John Motson, legendary BBC football commentator, dies aged 77 | UK News

John Motson, the legendary BBC football commentator, has died aged 77, the broadcaster has said.

Motson, popularly known as “Motty”, had an illustrious 50-year career with the BBC, working with the broadcaster’s flagship football highlights show, Match of the Day, since 1971.

According to the BBC, he commentated on over 2,500 televised games and covered 10 World Cups, 10 European Championships and 29 FA Cup finals for BBC Sport.

Revered across the game, the commentator, often seen beside the pitch pre-game with a microphone and in his trademark sheepskin coat, was awarded an OBE for services to sports broadcasting in 2001.

Motson, who is survived by his wife Anne and son Frederick, hung up his microphone and retired from the BBC in 2018, saying “I am going out on a high”.

BBC sports commentator John Motson with his wife Anne poses for photographs after receiving an OBE from Queen Elizabeth II at Buckingham Palace in 2001
BBC sports commentator John Motson with his wife Anne

‘An absolute legend of the game’

Figures throughout the game paid tribute to the commentator, including Sky Sports pundit Jamie Carragher.

In a post on Twitter, he wrote: “RIP John Motson. An absolute Legend of the game.

“So many of us grew up listening to this man describing the action and goals on MOTD and cup finals. Sad loss.”

Former England striker and Match of the Day host Gary Lineker also posted a tribute, writing: “Deeply saddened to hear that John Motson has died.

“A quite brilliant commentator and the voice of football in this country for generations.

“He’ll be very much missed. RIP Motty.”

Fellow commentator, Clive Tyldesley, who worked alongside Motson at BBC Sport in the 1990s, wrote: “As a teenager I just wanted to be John Motson. Nobody else. Terribly sad.”

BBC director-general Tim Davie said: “John Motson was the voice of a footballing generation – steering us through the twists and turns of FA Cup runs, the highs and lows of World Cups and, of course, Saturday nights on Match of the Day.

“Like all the greats behind the mic, John had the right words, at the right time, for all the big moments.

“He will rightly be remembered as a legendary figure in British sports broadcasting, respected by those in the game, loved by fans and an inspiration to those who followed him in the commentary box.”

The FA also paid tribute, describing him as the voice of football.

In a post on Twitter, the organisation said: “We are very sad to hear that John Motson has passed away.

“His iconic voice will always be synonymous with football.

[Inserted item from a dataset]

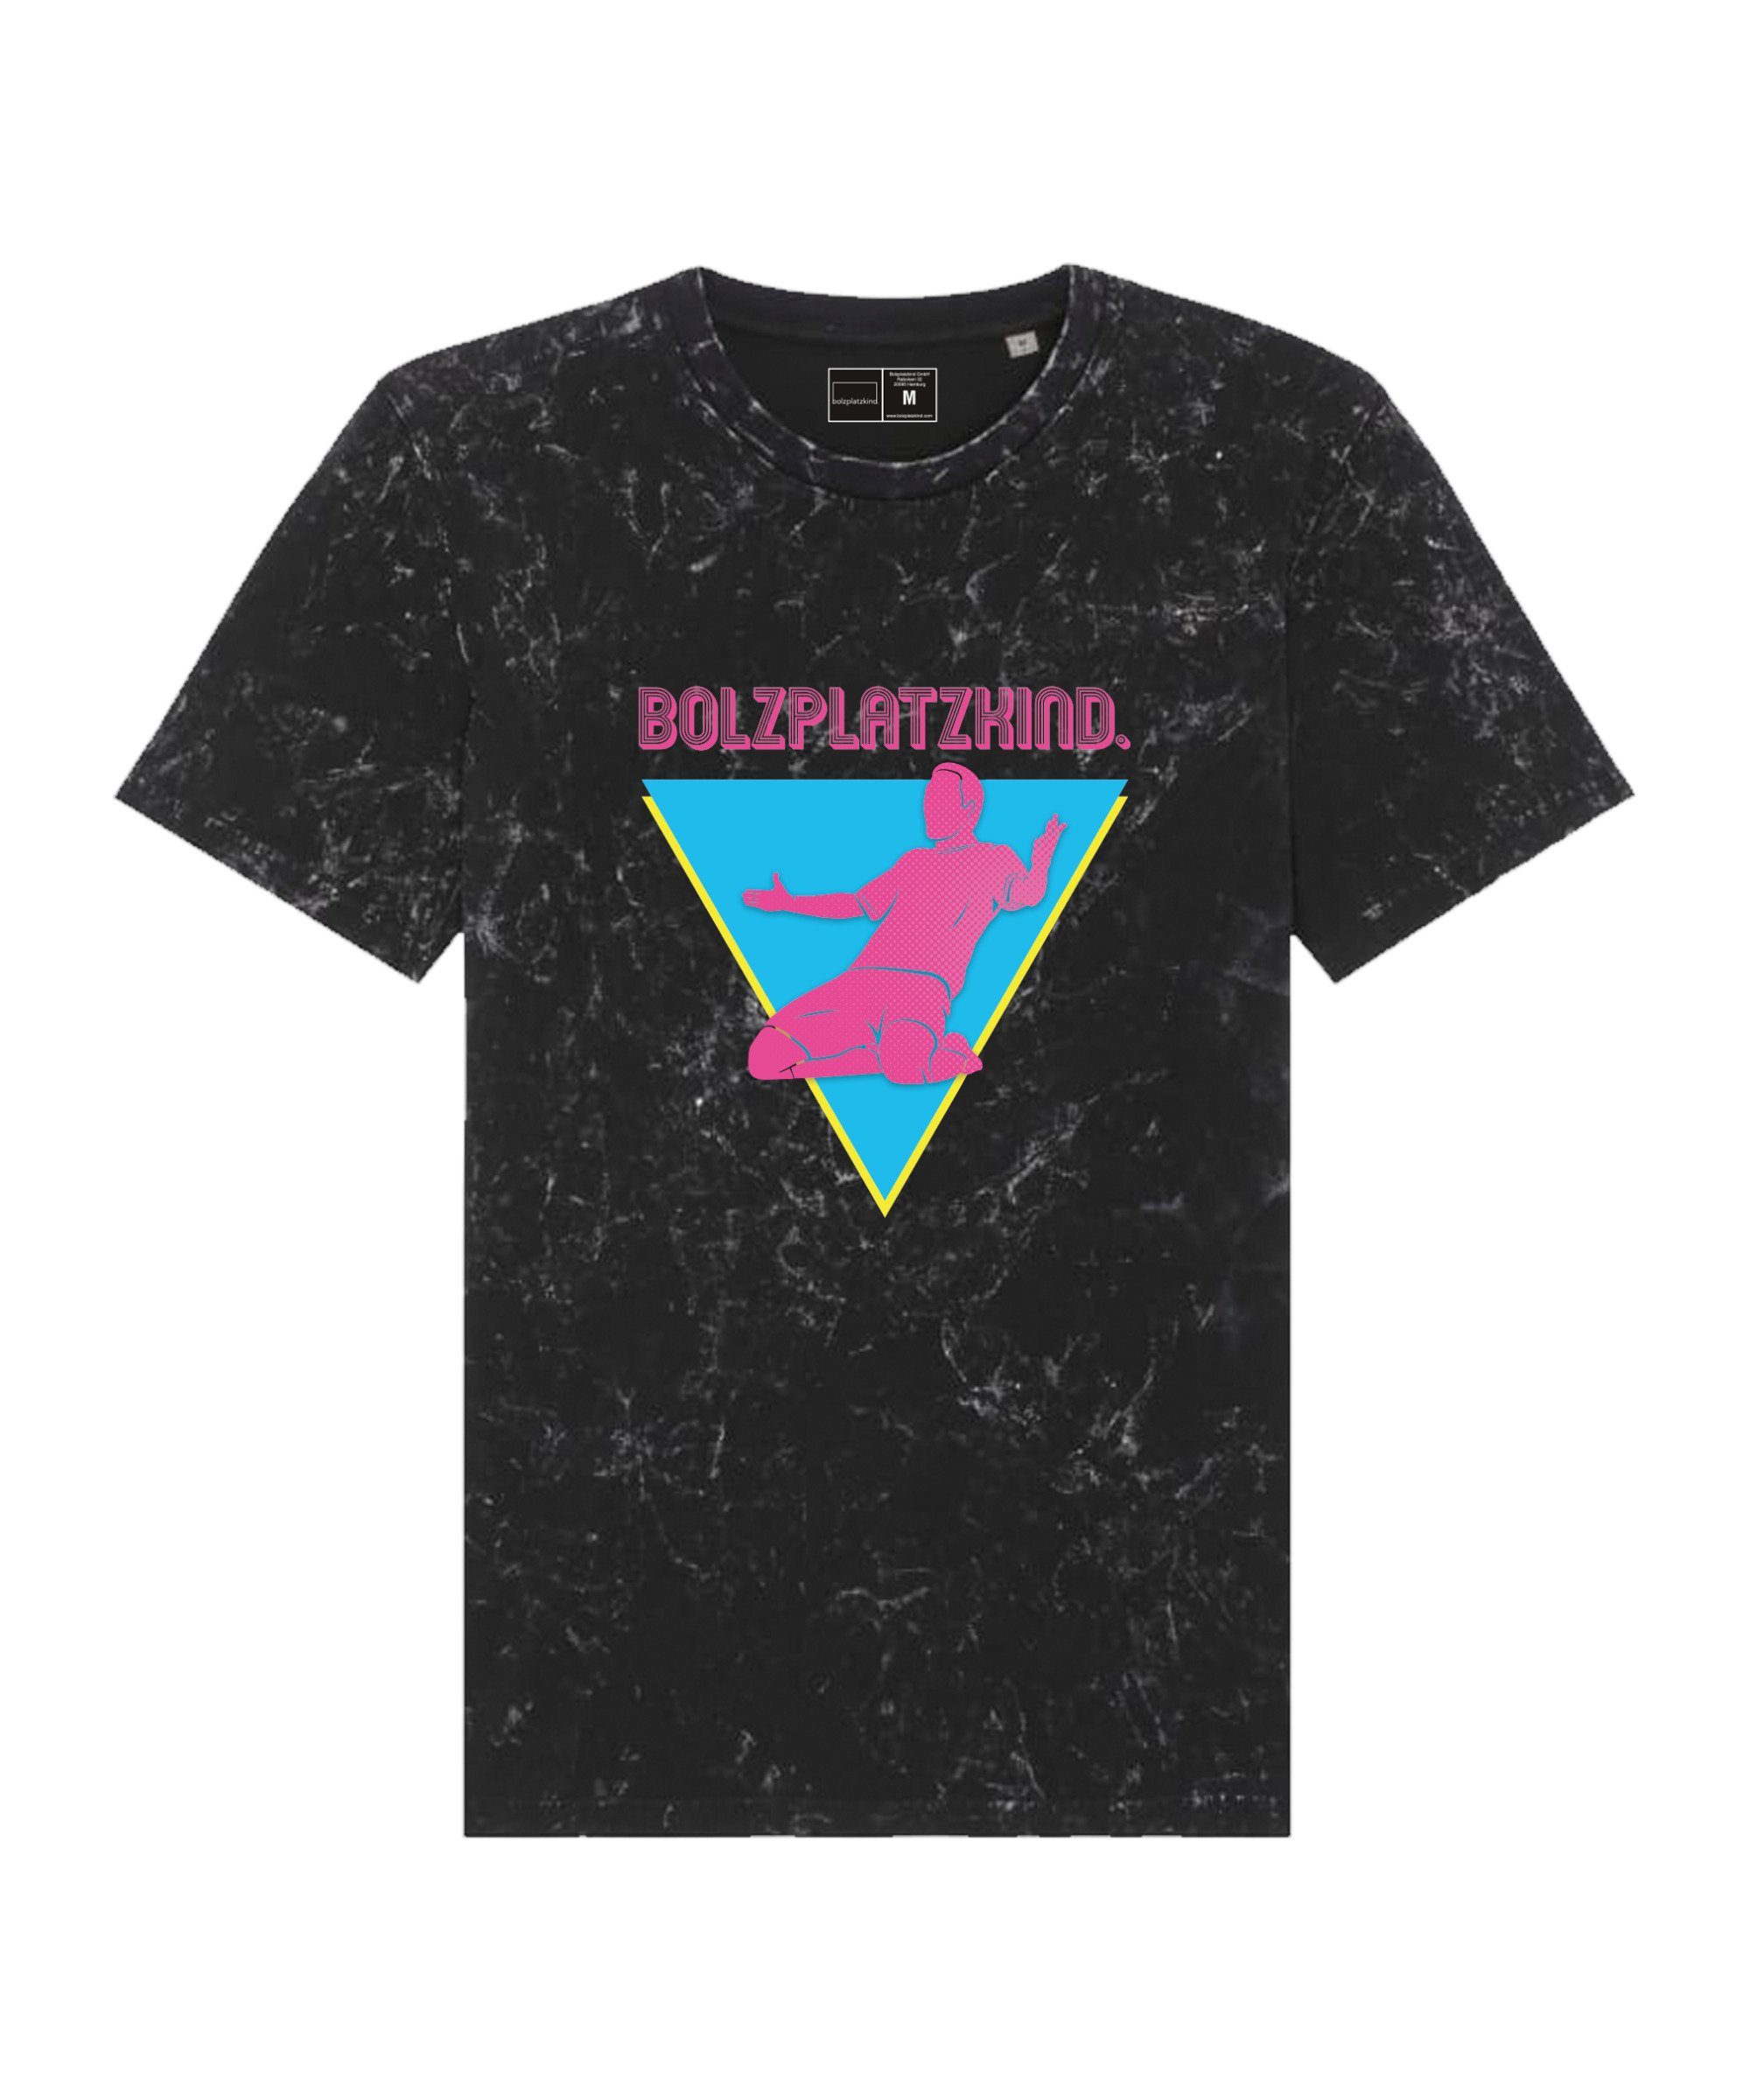 Bolzplatzkind T-Shirt "80er Jahre" Straddle T-Shirt default schwarzpinkblau

Our thoughts are with his family and friends. RIP, Motty.”

From Barnet to Brazil

Born in Salford in July 1945 to a Methodist minister father, Motson began his career with stints on the Barnet Press and Sheffield Morning Telegraph.

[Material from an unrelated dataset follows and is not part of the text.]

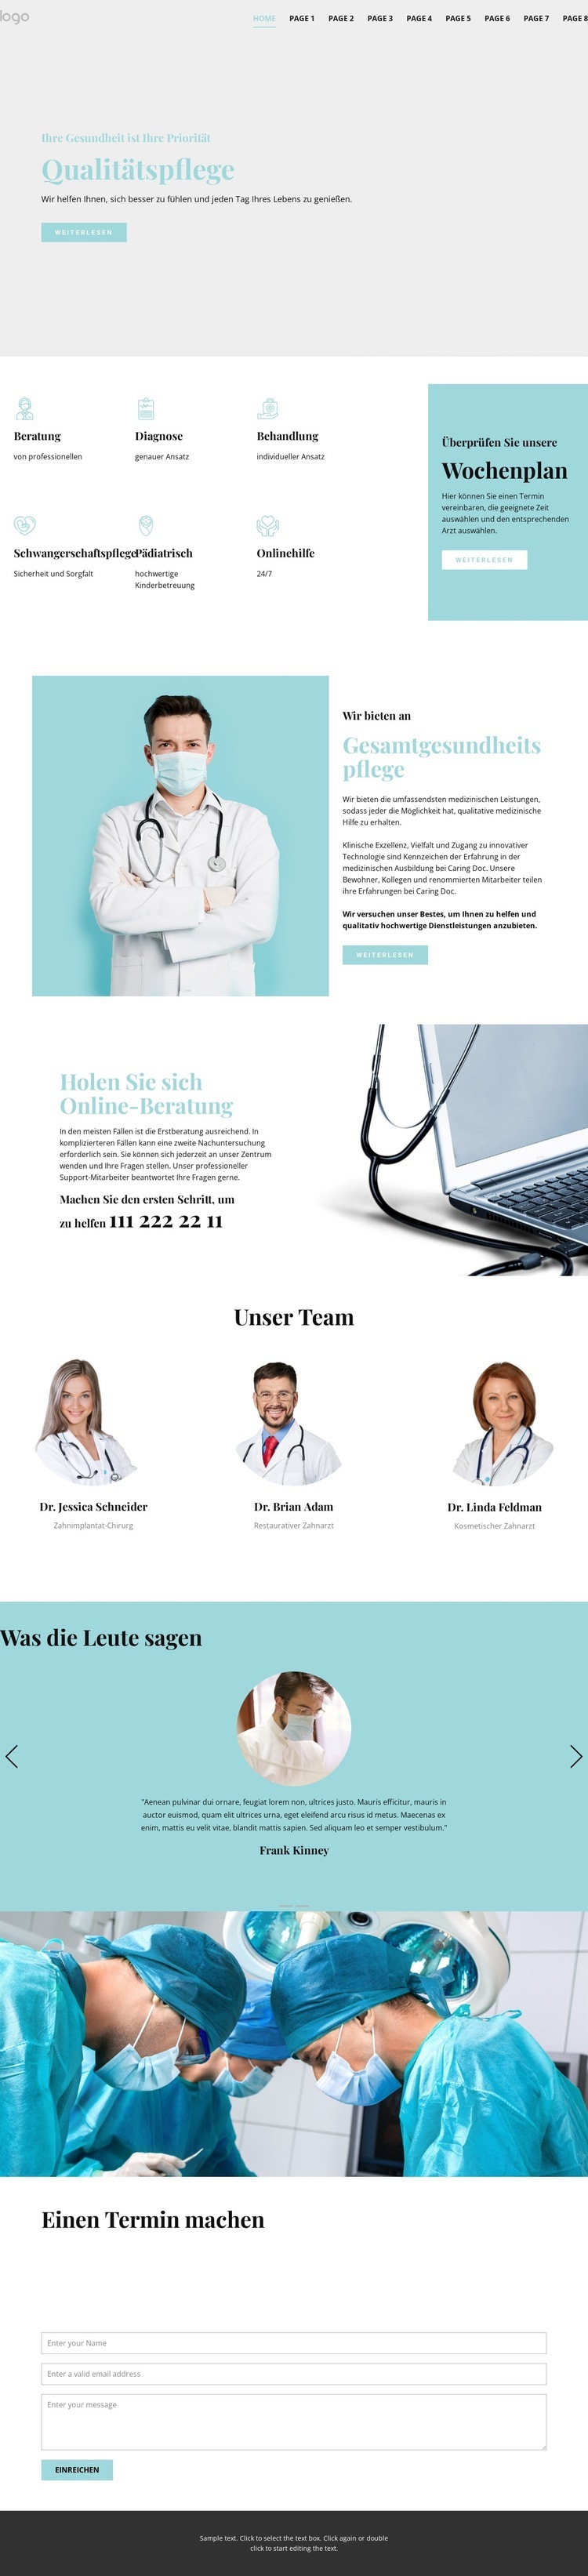 Qualitativ hochwertige medizinische Versorgung Website design

He joined the BBC full-time as a sports presenter for Radio 2 in 1968, having worked at first as a freelancer for BBC Radio Sheffield.

His commentary on Ronnie Radford’s famous long-range strike which helped non-League Hereford knock top-flight Newcastle out of the FA Cup in 1972 saw him take top billing on Match of the Day.

“Oh what a goal!” declared Motson after Radford’s strike.

“Radford the scorer. Ronnie Radford! And the crowd are on the pitch. What a tremendous shot by Ronnie Radford.”

His long career took in two Olympic Games and Wimbledon’s memorable 1988 FA Cup final triumph against Liverpool at Wembley as the Crazy Gang beat the Culture Club.

His famous sheepskin coat became almost as iconic as his voice – though it was not a trend he was hoping to set when he first wore it to a match in 1990.

Speaking to talkSPORT, he said: “I didn’t set out to make the sheepskin coat anything special, but it just happened when I was at Wycombe in 1990 and the snow came down.

John Motson doing television work in the ground before the match between Chelsea and Stoke City

“I looked forlorn and it just stuck from then on.

He said that he had worn 10 sheepskin coats throughout his career, adding: “I have always had them made to measure. Even when it is warm people ask where the coat is.

“I’ve always paid for my own. People think the BBC pay for them but they don’t.”

Motson commentated on 10 World Cups across the world, including Japan in 2002 and 2014 in Brazil.

Motson hung up his microphone for the BBC at the end of the 2017-18 Premier League season.

His final game for Match of the Day was between Crystal Palace and West Bromwich Albion in 2018.

He later came out of retirement to provide commentary for radio station, talkSPORT.

Outside of football, Motson lived in Buckinghamshire with wife, Anne.

The couple were married for more than 45 years.